The term “nanoparticles” as used herein can refer to nanometer-scale spheres that can be modified to bind DNA. In some cases nanoparticles are positively charged on their surfaces (e.g. by coating with amine-containing molecules). See Zinchenko, A. et al. (2005) “Compaction of Single-Chain DNA by Histone-Inspired Nanoparticles” wPhysical Review Letters, 95(22), 228101, which is herein incorporated by reference in its entirety. In some embodiments reconstituted chromatin is synthesized by binding nanoparticles to naked DNA.

The term “read pair” or “read-pair” as used herein can refer to two or more spans of nucleic acid sequence that are nonadjacent in a naturally nucleic acid molecule sample but are adjacently covalently linked as a result of chemical or enzymatic manipulations as disclosed herein or elsewhere, and are sequenced as a single sequencing read. In some cases “read pair” refers to the sequence information obtained by sequencing across two nucleic acid regions that are artificially joined. In some cases, the number of read-pairs can refer to the number of mappable read-pairs. In other cases, the number of read-pairs can refer to the total number of generated read-pairs.

As used herein, a ‘sample’ refers to nucleic acid material for which scaffold information is to be generated or improved. Some samples are derived from a homogenous source, such as a cell monoculture or a tissue from a single multicellular individual. In some cases a sample comprises sequence variation, such as variation that may arise in a tumor sample from an individual. In some cases a sample is derived from a heterogeneous source, such that it comprises nucleic acids from a plurality of organisms, such as a human gut or excrement sample, an environmental sample or a mixture of organisms.

As used herein, the term “about” a number is used to refer to the number quantity plus or minus 10% of that number, in addition to reciting that number explicitly.

Unless defined otherwise, all technical and scientific terms used herein have a meaning as commonly understood to one of ordinary skill in the art to which this disclosure belongs. Although methods and reagents similar or equivalent to those described herein can be used in the practice of the disclosed methods and compositions, the exemplary methods and materials are now described.

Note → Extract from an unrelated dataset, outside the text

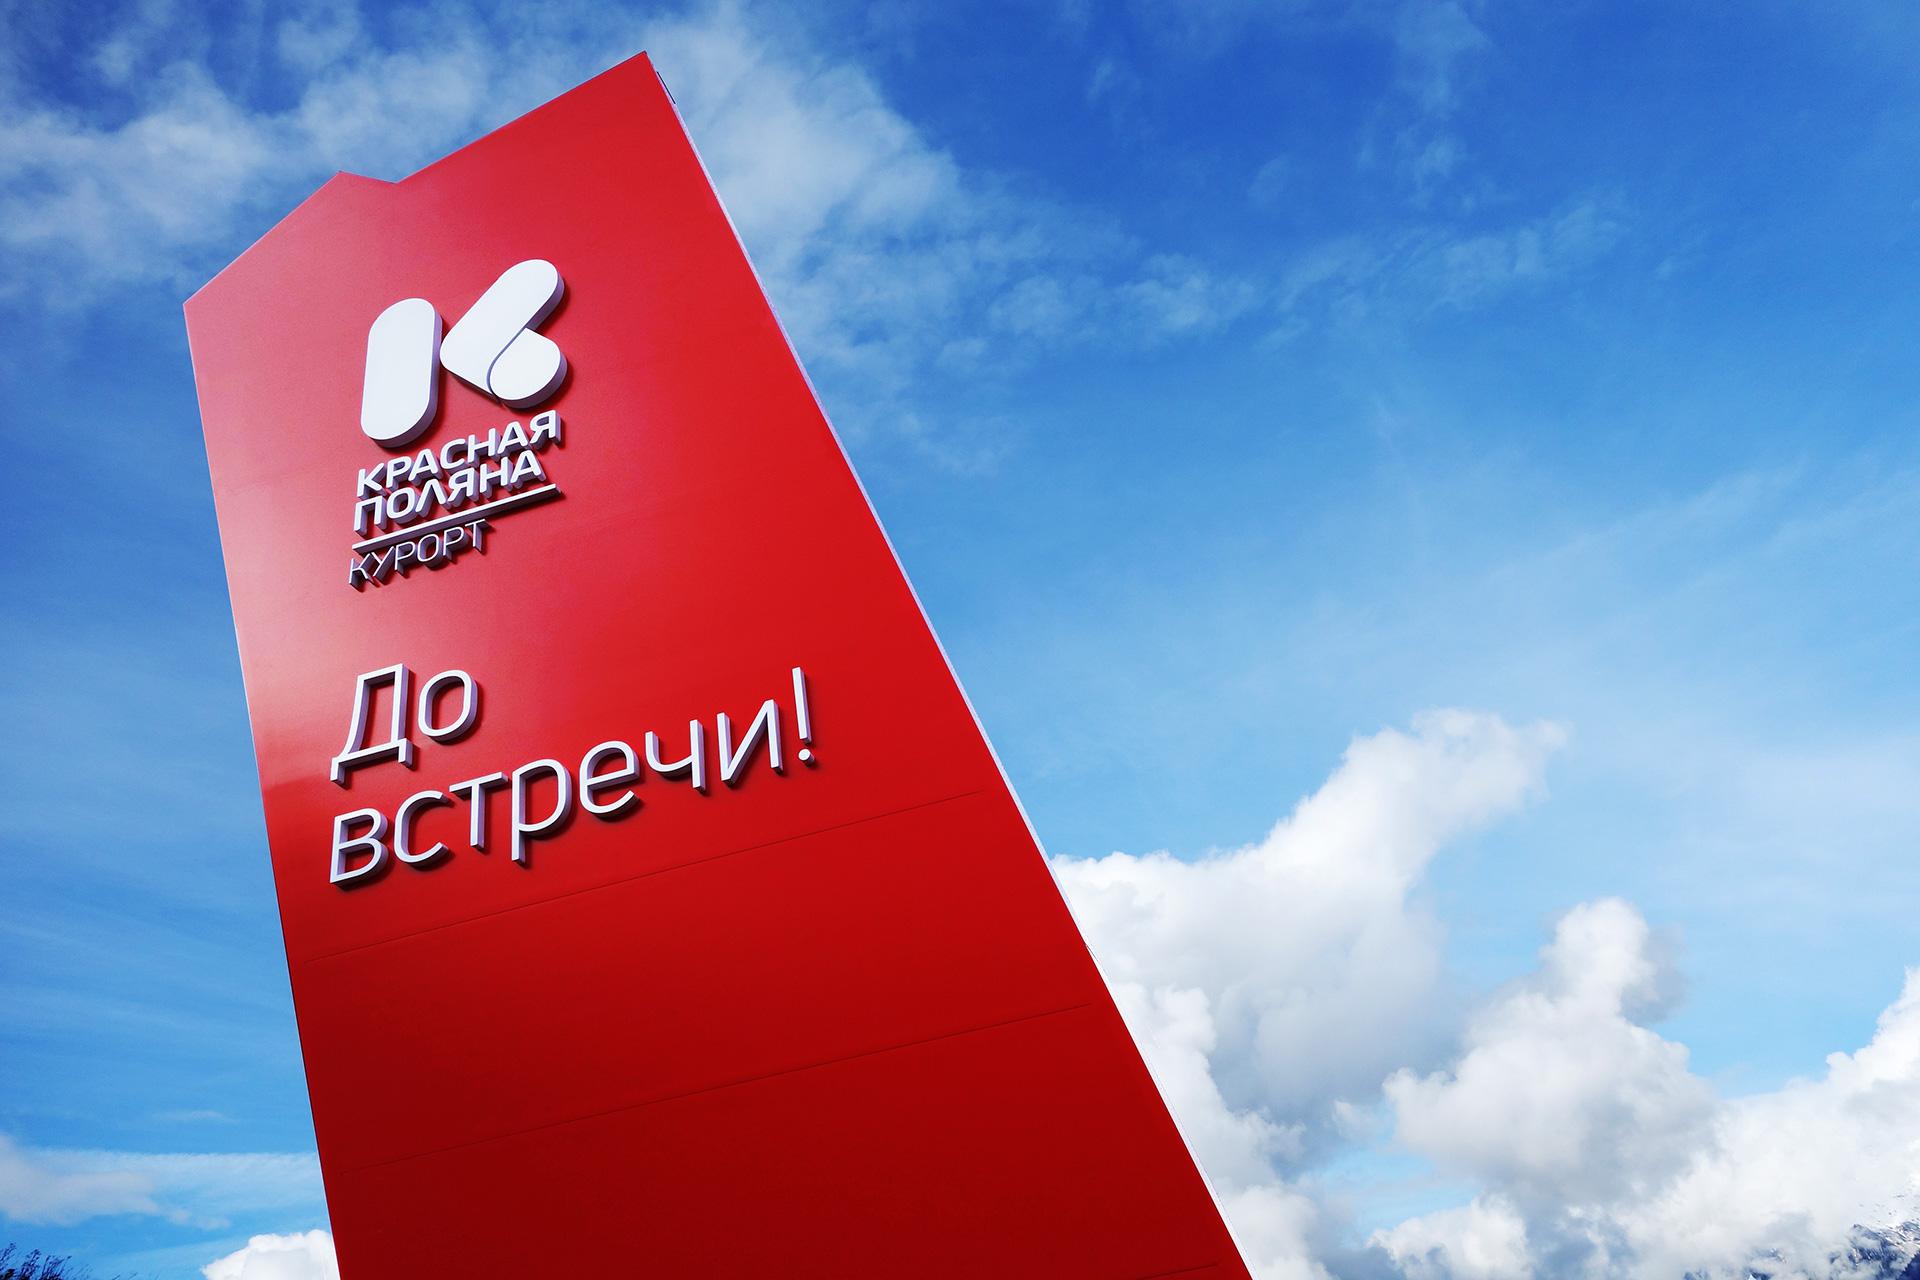 Асгард Брендинг, Красная Поляна курорт, стела, Red stele, средовой объект, объекты навигации
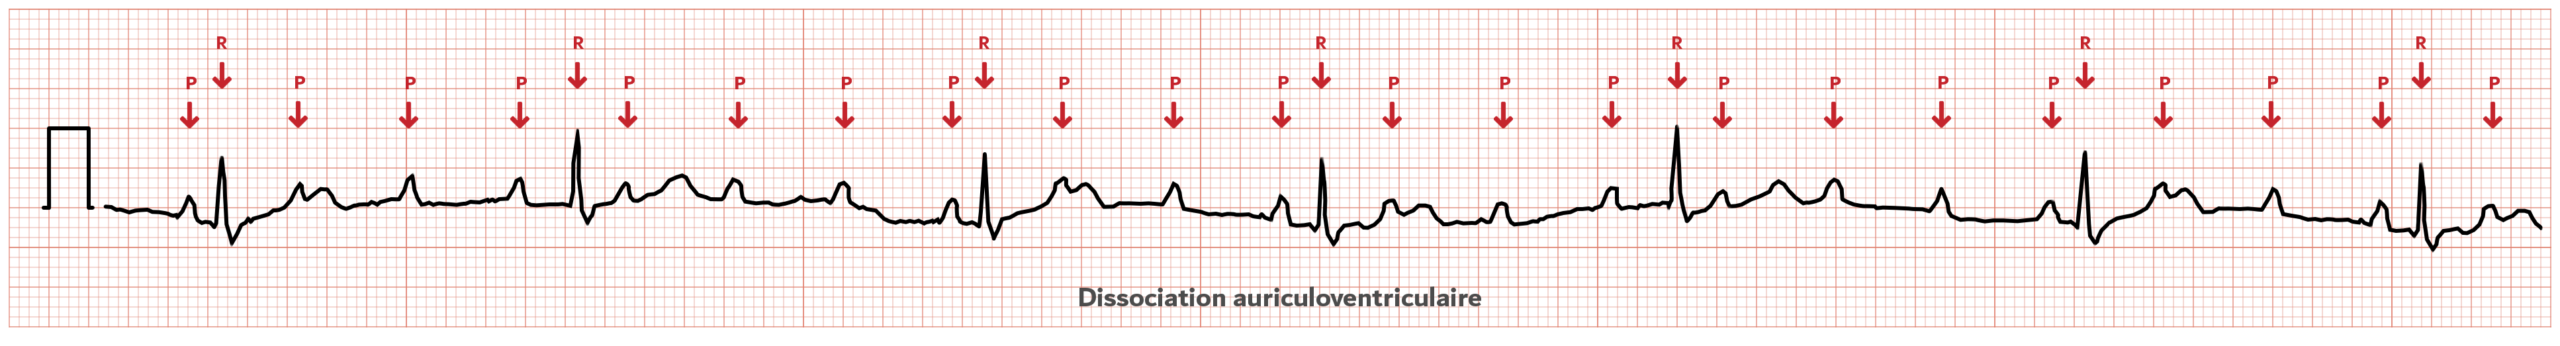 Dissociation auriculo-ventriculaire - ECG

Disclosed herein are compositions, systems and methods related to sequence assembly, such as nucleic acid sequence assembly of single reads and contigs into larger contigs and scaffolds through the use of sequence grouping information such as read pair sequence information, such as read pair information indicative of nucleic acid sequence phase or physical linkage.

A major goal of genomics is the accurate reconstruction of full-length haplotype-resolved chromosome sequences with low effort and cost. Currently accessible and affordable high-throughput sequencing methods are best suited to the characterization of short-range sequence contiguity and genomic variation. Achieving long-range linkage and haplotype phasing requires either the ability to directly and accurately read long (e.g., tens of kilobases) sequences, or the capture of linkage and phase relationships through paired or grouped sequence reads. These methods are both technically challenging and computationally intensive, such that routine or commercial computational analysis of sequence information necessary to generate full-sample haplotype map information for a genomic sample is precluded.

High-throughput sequencing methods have sparked a revolution in the field of genomics. By generating data from millions of short fragments of DNA at once, the cost of re-sequencing genomes has fallen dramatically, rapidly approaching $1,000 per human genome (Sheridan, 2014), and is expected to fall still further.

Substantial obstacles remain, however, in transforming short read sequences into long, contiguous genomic assemblies. The challenge of creating reference-quality assemblies from low-cost sequence data is evident in the comparison of the quality of assemblies generated with today's technologies and the human reference assembly (Alkan et al., 2011).